↓↓↓

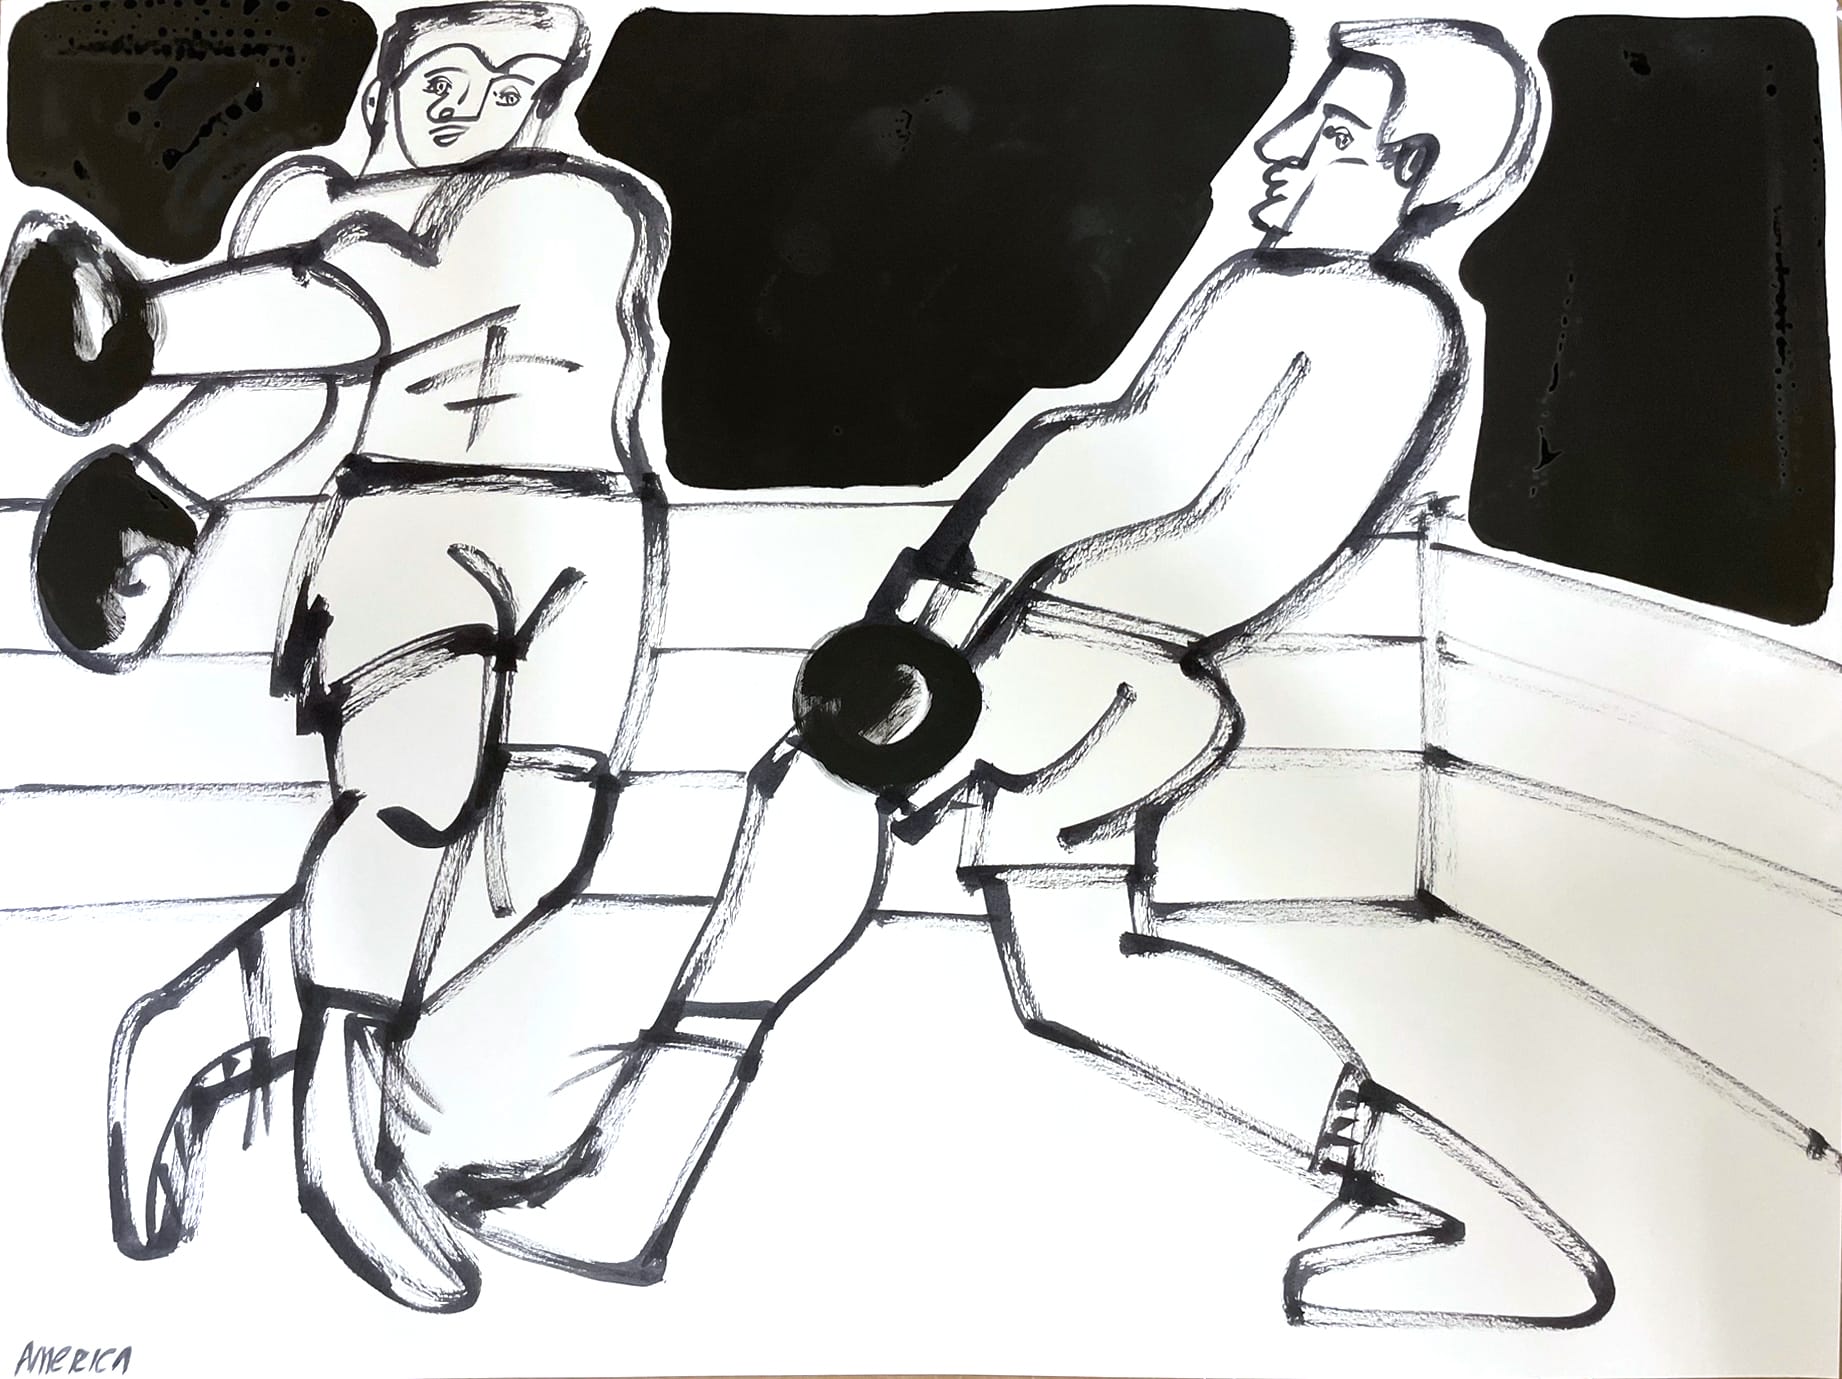 boxer ii, america martin, ink on paper, black and white figurative
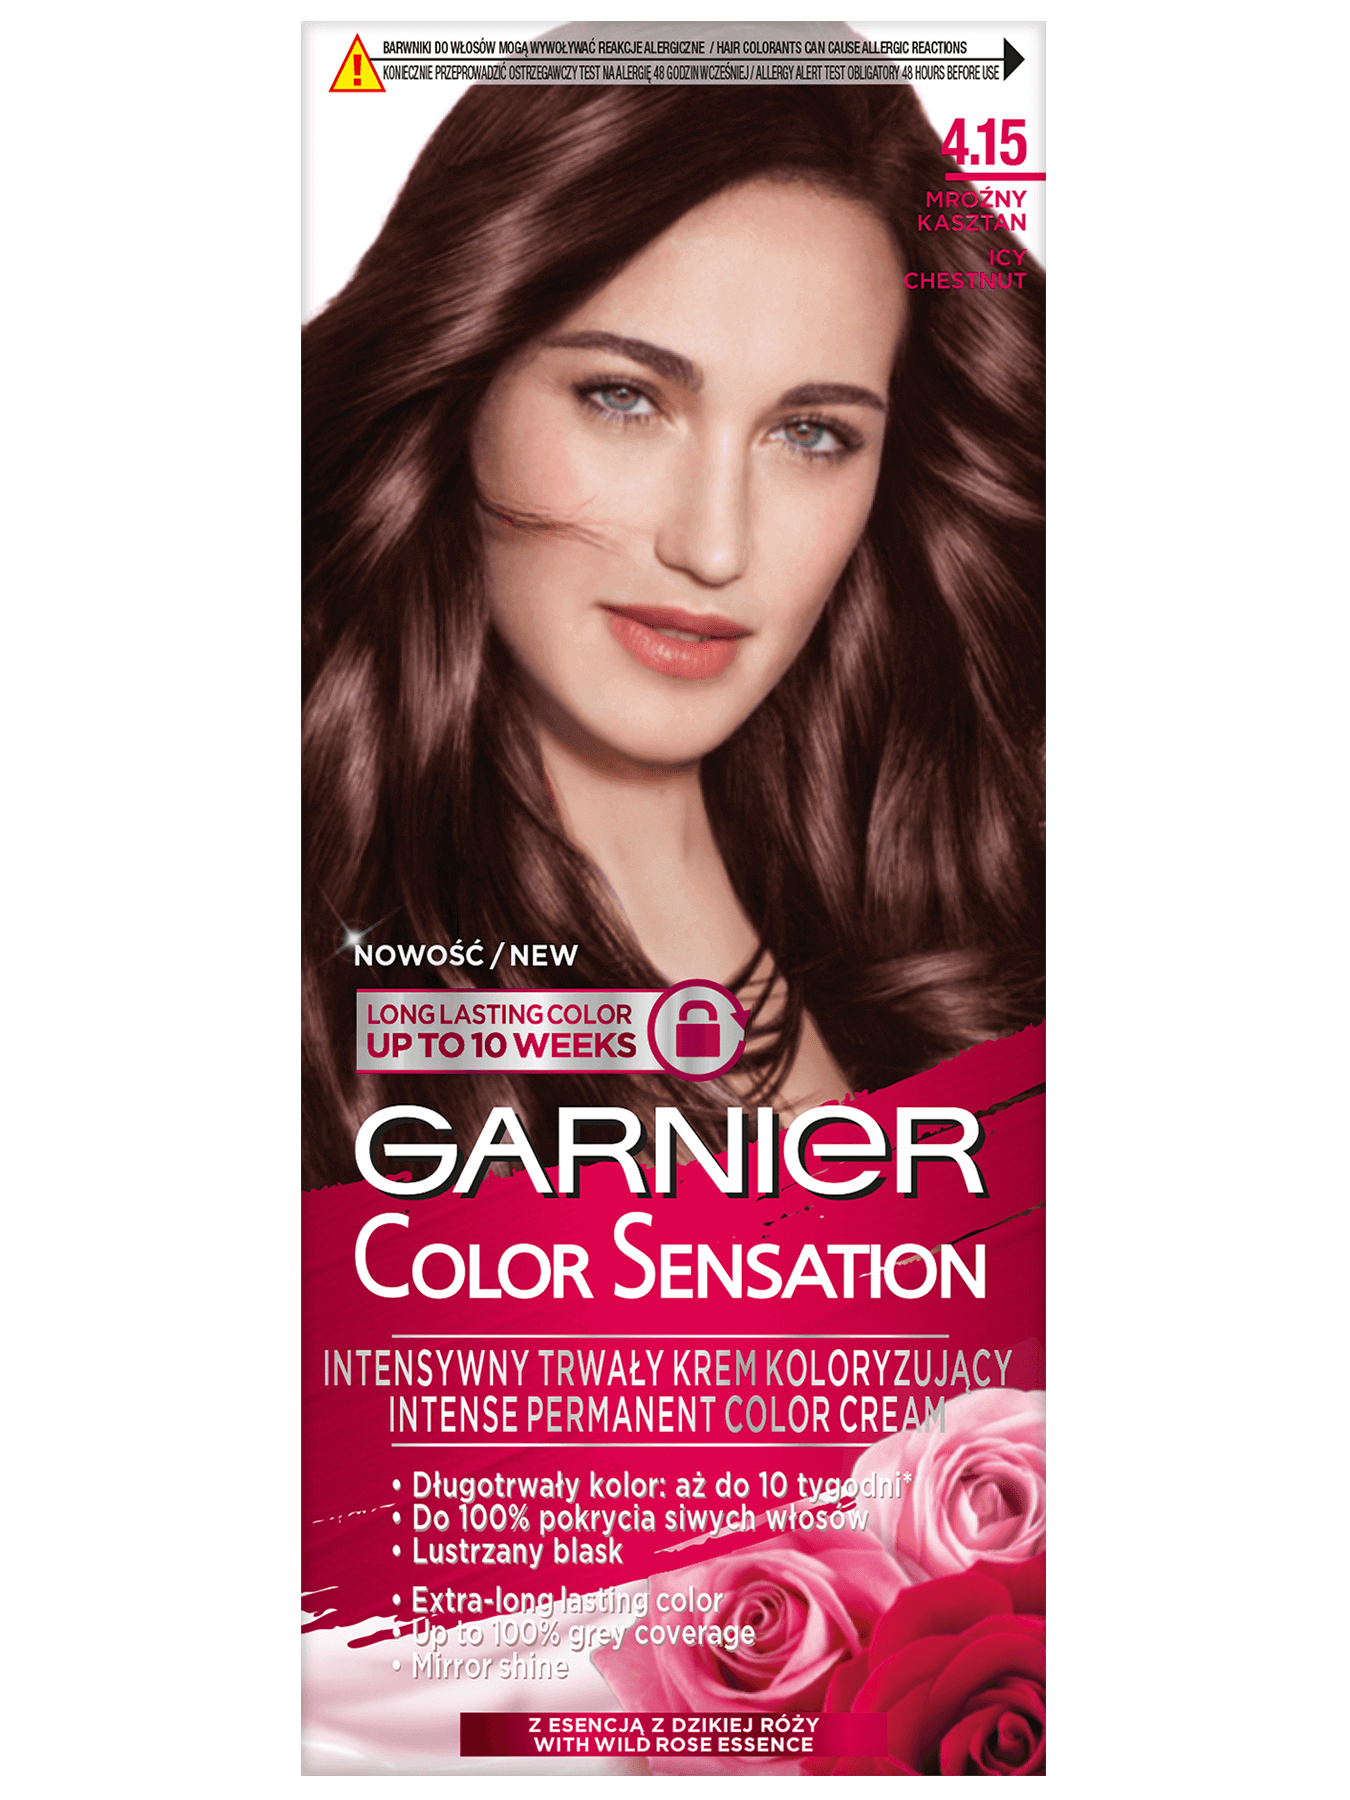 garnier color sensation 4 1 5 mrozny kasztan 1350x1800
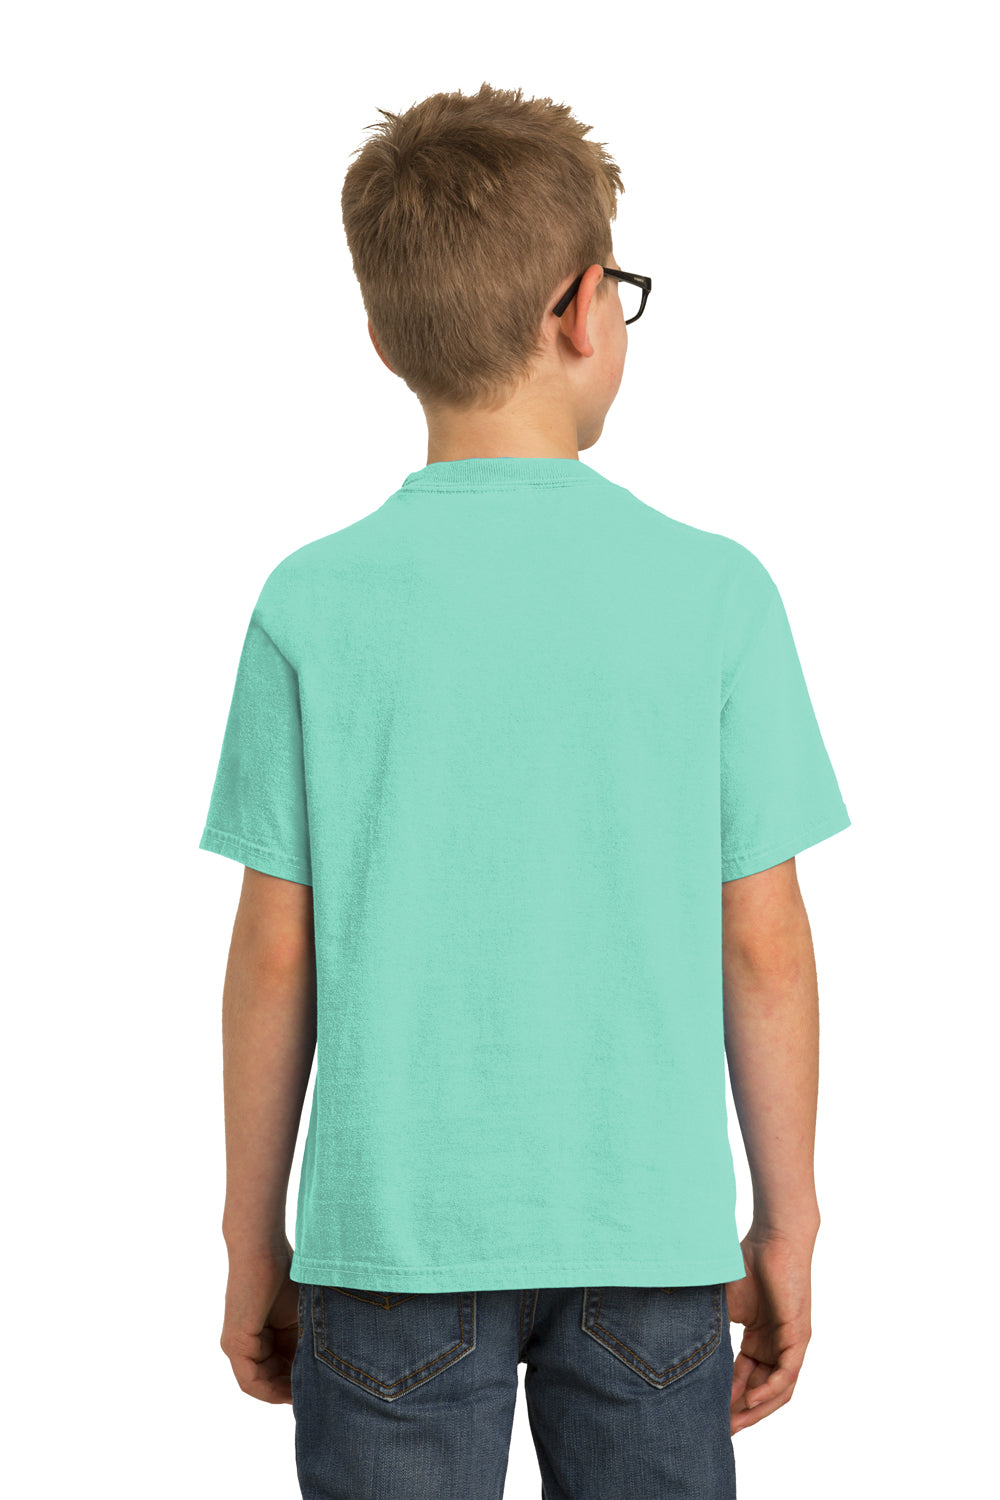 Port & Company Youth Beach Wash Short Sleeve Crewneck T-Shirt Cool Mint Green Back
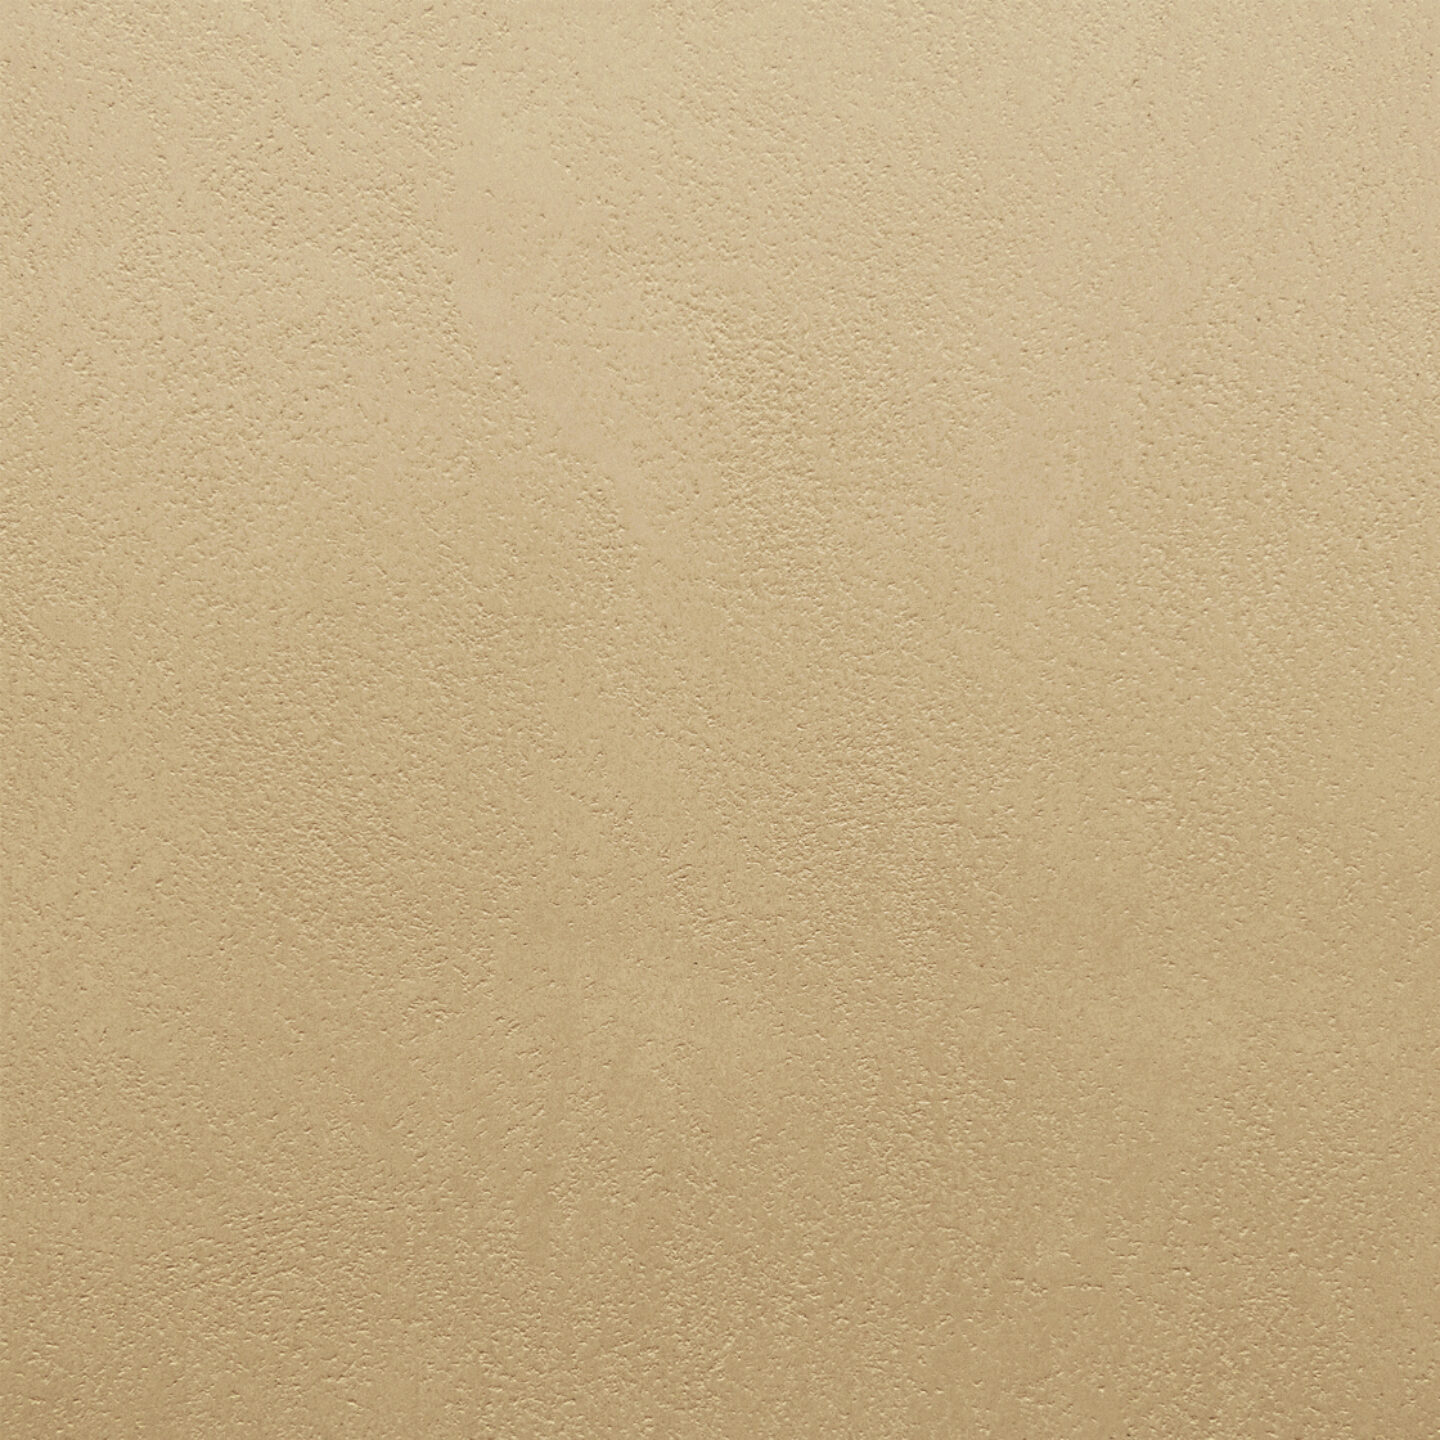 Close up of Armourcoat leatherstone exterior polished plaster finish - 51

↑↑↑

** TASK INSTRUCTIONS **
Set out nothing but the lines from the line with "Port & Company" through the end of the material, reproduced exactly, both ends included, pictures omitted.

** OUTPUT **
 Port & Company Youth Beach Wash Short Sleeve Crewneck T-Shirt Cool Mint Green Back
 Close up of Armourcoat leatherstone exterior polished plaster finish - 51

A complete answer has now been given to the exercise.